Re: smp_call_function_single lockups

From: Chris J Arges
Date: Mon Mar 30 2015 - 23:16:24 EST


On Thu, Feb 19, 2015 at 02:45:54PM -0800, Linus Torvalds wrote:
> On Thu, Feb 19, 2015 at 1:59 PM, Linus Torvalds
> <torvalds@xxxxxxxxxxxxxxxxxxxx> wrote:
> >
> > Is this worth looking at? Or is it something spurious? I might have
> > gotten the vectors wrong, and maybe the warning is not because the ISR
> > bit isn't set, but because I test the wrong bit.
>
> I edited the patch to do ratelimiting (one per 10s max) rather than
> "once". And tested it some more. It seems to work correctly. The irq
> case during 8042 probing is not repeatable, and I suspect it happens
> because the interrupt source goes away (some probe-time thing that
> first triggers an interrupt, but then clears it itself), so it doesn't
> happen every boot, and I've gotten it with slightly different
> backtraces.
>
> But it's the only warning that happens for me, so I think my code is
> right (at least for the cases that trigger on this machine). It's
> definitely not a "every interrupt causes the warning because the code
> was buggy, and the WARN_ONCE() just printed the first one".
>
> It would be interesting to hear if others see spurious APIC EOI cases
> too. In particular, the people seeing the IPI lockup. Because a lot of
> the lockups we've seen have *looked* like the IPI interrupt just never
> happened, and so we're waiting forever for the target CPU to react to
> it. And just maybe the spurious EOI could cause the wrong bit to be
> cleared in the ISR, and then the interrupt never shows up.

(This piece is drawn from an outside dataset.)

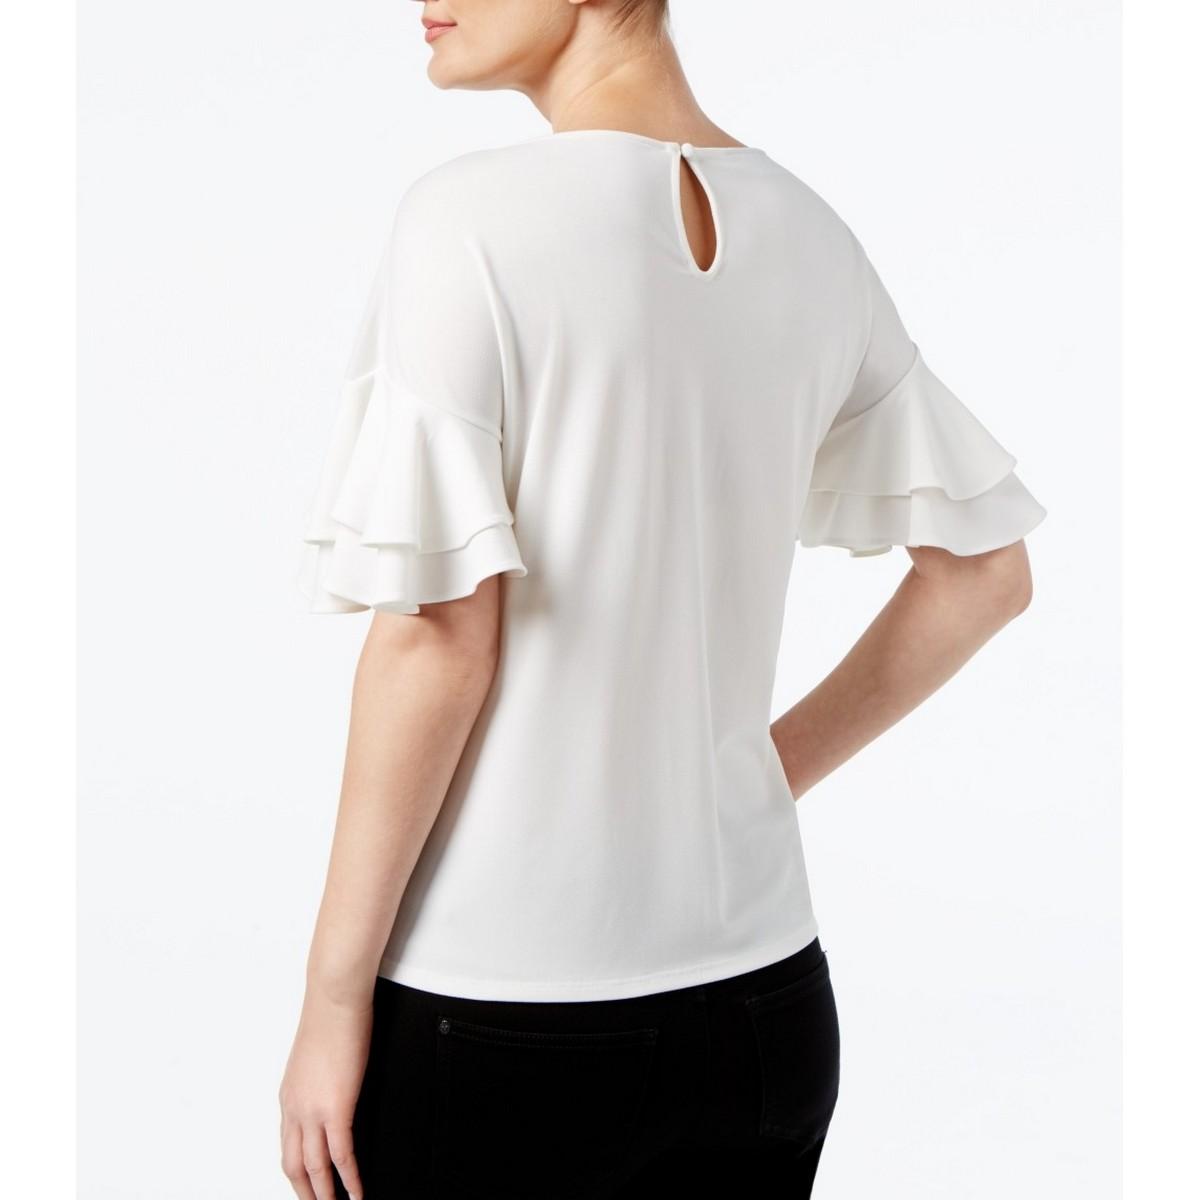 INC-NEW-Women-039-s-Ruffled-sleeve-Blouse-Shirt-Top-TEDO thumbnail 3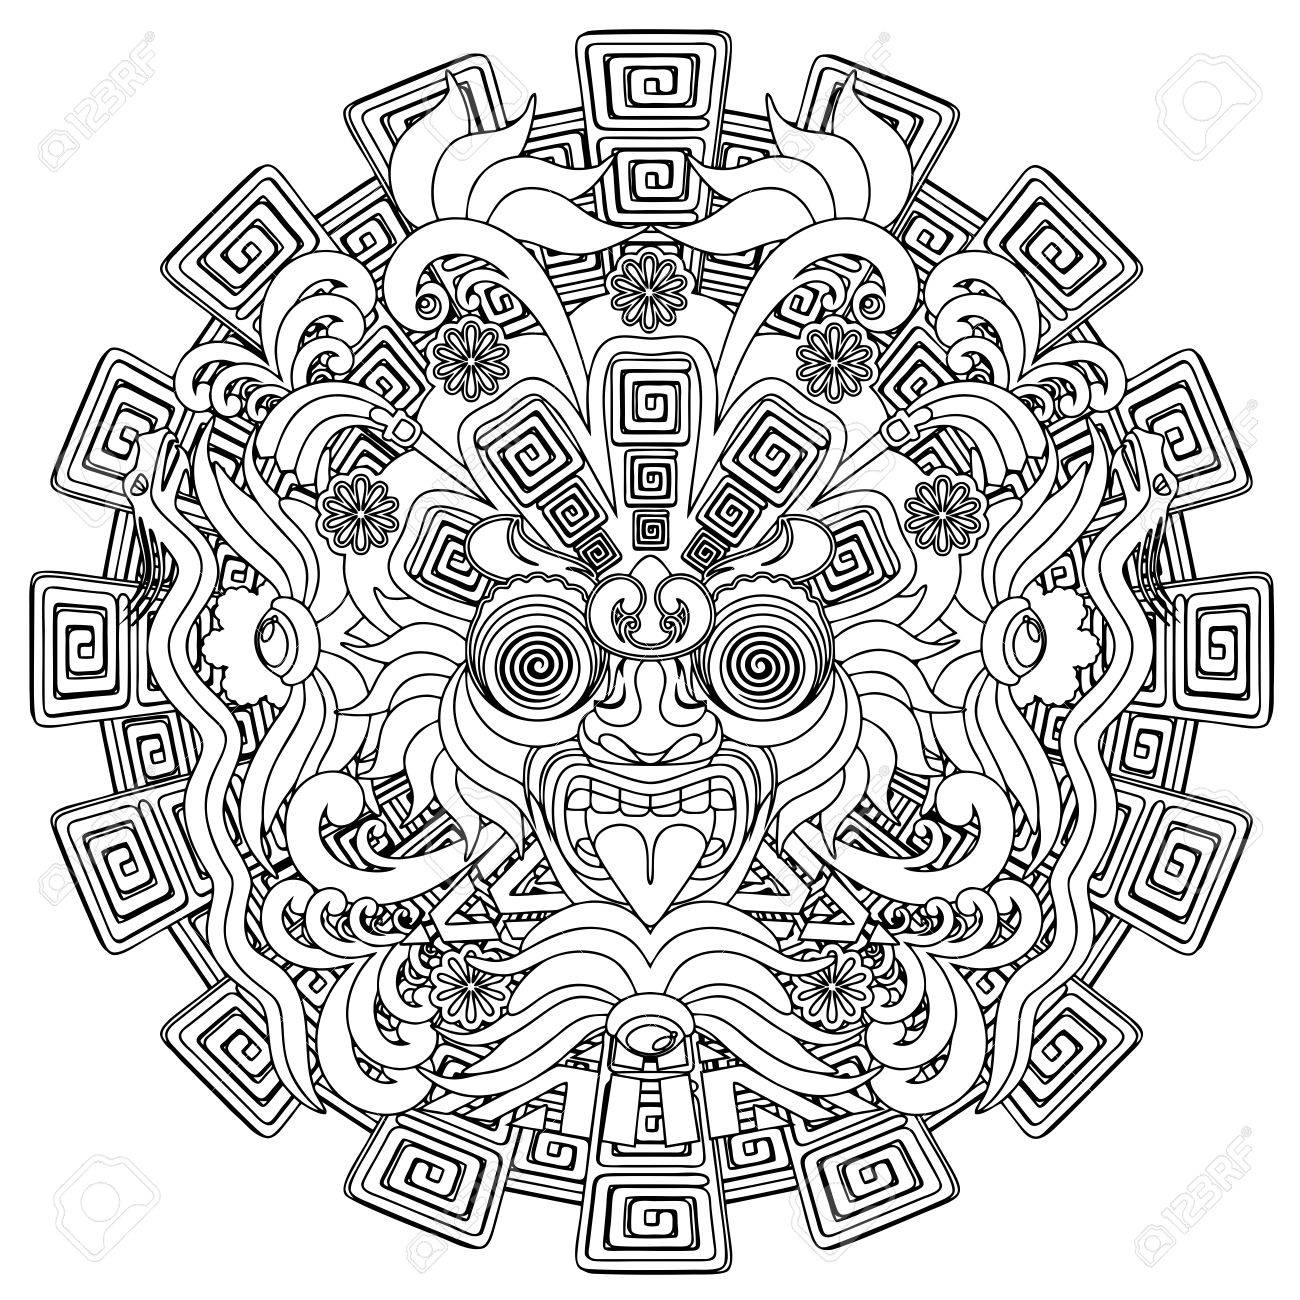 1300x1300 Aztec Warrior Mask Black Stroke Doodle Royalty Free Cliparts

Something
> like that would certainly explain why it only happens on some machines
> and under certain timing circumstances.
>
> Linus
>

Linus,

I'm able to reproduce this IPI lockup easily now when using specific hardware
and nested KVM VMs. However, it seems to only occur when using certain host
hardware. For example:
- Xeon E5620 (Westmere-EP) (fam: 06, model: 2c)
- Xeon E312xx (Sandy Bridge) (fam: 06, model: 2a)
Now I'm not sure if this indicates hardware LAPIC issues or if the timing in
these processors make it more likely to hit this issue. So far I haven't seen
the issue on other CPUs.

To set this up, I've done the following (L0 being the Xeon box):
1) Create an L1 KVM VM with 2 vCPUs (single vCPU case doesn't reproduce)
2) Create an L2 KVM VM inside the L1 VM with 1 vCPU
3) Run something like 'stress -c 1 -m 1 -d 1 -t 1200' inside the L2 VM

Sometimes this is sufficient to reproduce the issue, I've observed that running
KSM in the L1 VM can agitate this issue (it calls native_flush_tlb_others).
If this doesn't reproduce then you can do the following:
4) Migrate the L2 vCPU randomly (via virsh vcpupin --live OR tasksel) between
L1 vCPUs until the hang occurs.

Pinning L1 vCPUs to L0 initially (i.e. 0->0 1->1) causes the hangs to not occur
in my testing. (Which makes sense because we're unlikely to do real IPIs.)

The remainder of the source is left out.